Продолбив единственной пешнёй каждый по несколько лунок, занялись всяк своим делом. Клим «дёргал» удочкой для зимнего лова в отвес – короткой палкой с нехитрым мотовильцем из двух вбитых в неё гвоздей с привязанной леской. Я же тоже – нехитрой приспособой, состоящей из длинного шеста с насаженным на него куском трубы, пытался добыть со дна Лавреневского карьера песок.
В этот раз всё было, совершенно по другому:
– Ох, ну ни… Вот это, вдарило! Ох, ну ни…! Вот это, повело… СЕРАФИМУШКА!!! ПОМОГАЙ!!!
С досадой бросаю своё занятие:
– Бегу, чё орёшь?!
– Да, как тут не орать – смотри, какая морда!
– Бля…ть, вот это крокодил!
– Помогай давай – чё встал, как примороженный?
– Да, очково мне – вдруг ногу откусит…
– Лишь бы Софья тебе «бубенцы» из-за Графини не откусила! Цепляй его вот этим дрючком за жабры – чё рот раззявил?!
– Покомандуй мне ещё, – бурчу, а у самого тоже нешуточный азарт, – скормлю тебя этим акулам на обед, а скажу – сами за ногу под лёд утащили…

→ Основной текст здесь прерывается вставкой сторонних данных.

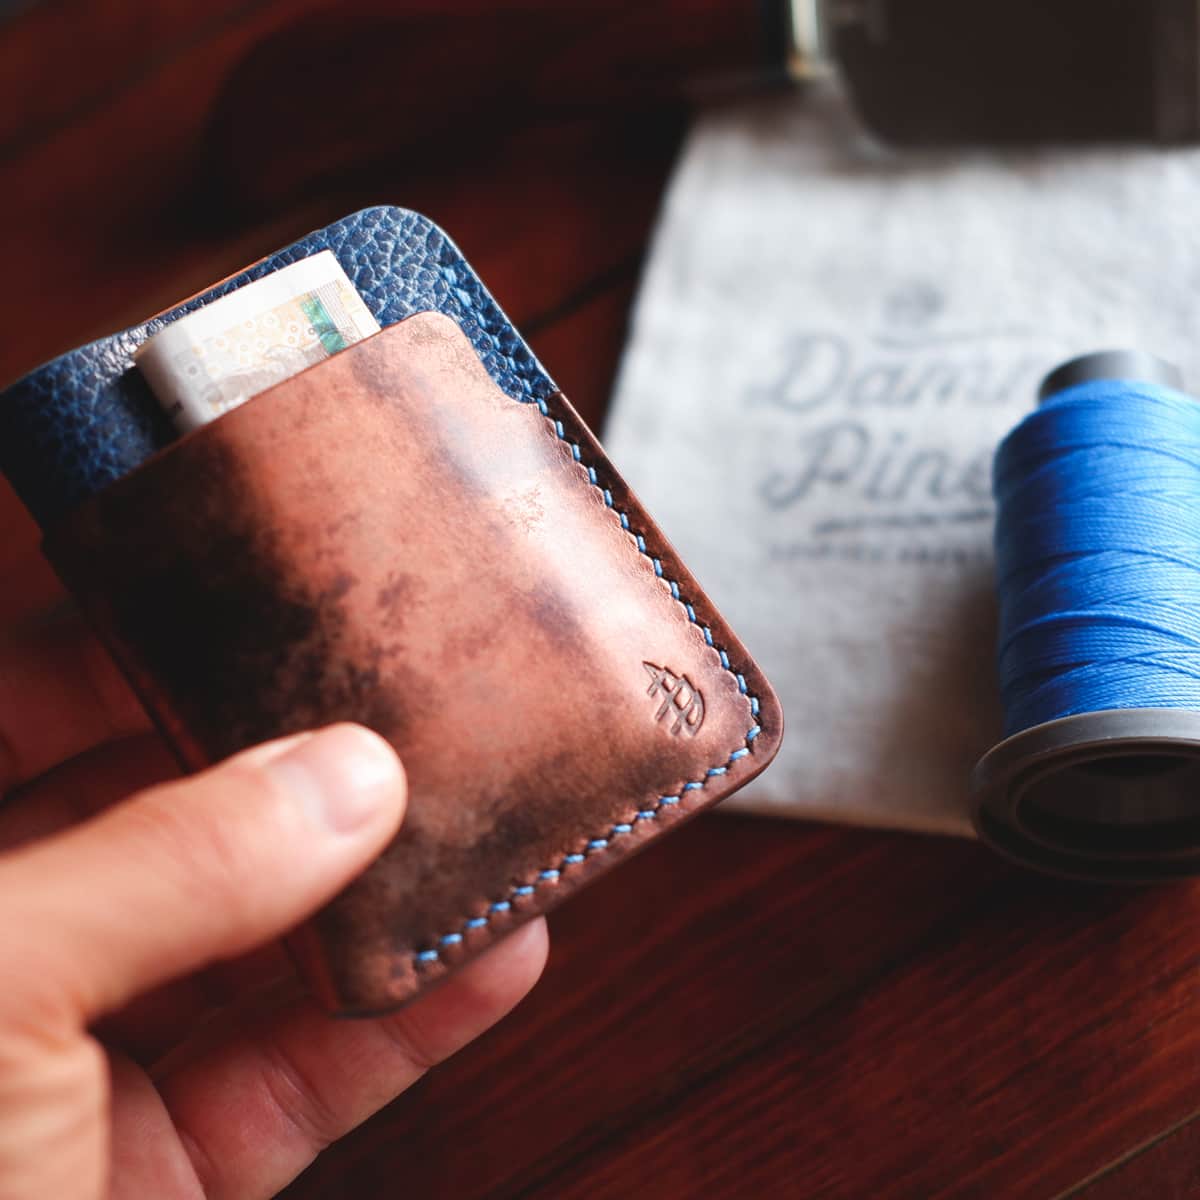 The Vertical Card Holder in Rame Bisanzio and Blue Tartufo full grain vegetable tanned leather held in hand

Эх… Бросить бы все свои прогрессорские дела, да выбраться хоть разок на настоящую рыбалку…
В этот раз всё было по-другому – «хищник» хватал «железку», просто дуром!
Я вынужден был постоянно отвлекаться на вопли Клима и, бежать – чтоб багориком помогать ему вытаскивать из лунки метровых или более того, щук. Наконец, когда на льду билось как бы не с двадцать штук рыбин – а обе блесны с обрывками лески оказались потеряны в пастях их более удачливых «подруг», Клим крайне изощрённо матерясь с досады, сперва собрал рыбу, отнёс её в мешках в сани, затем подошёл и, стал мне помогать…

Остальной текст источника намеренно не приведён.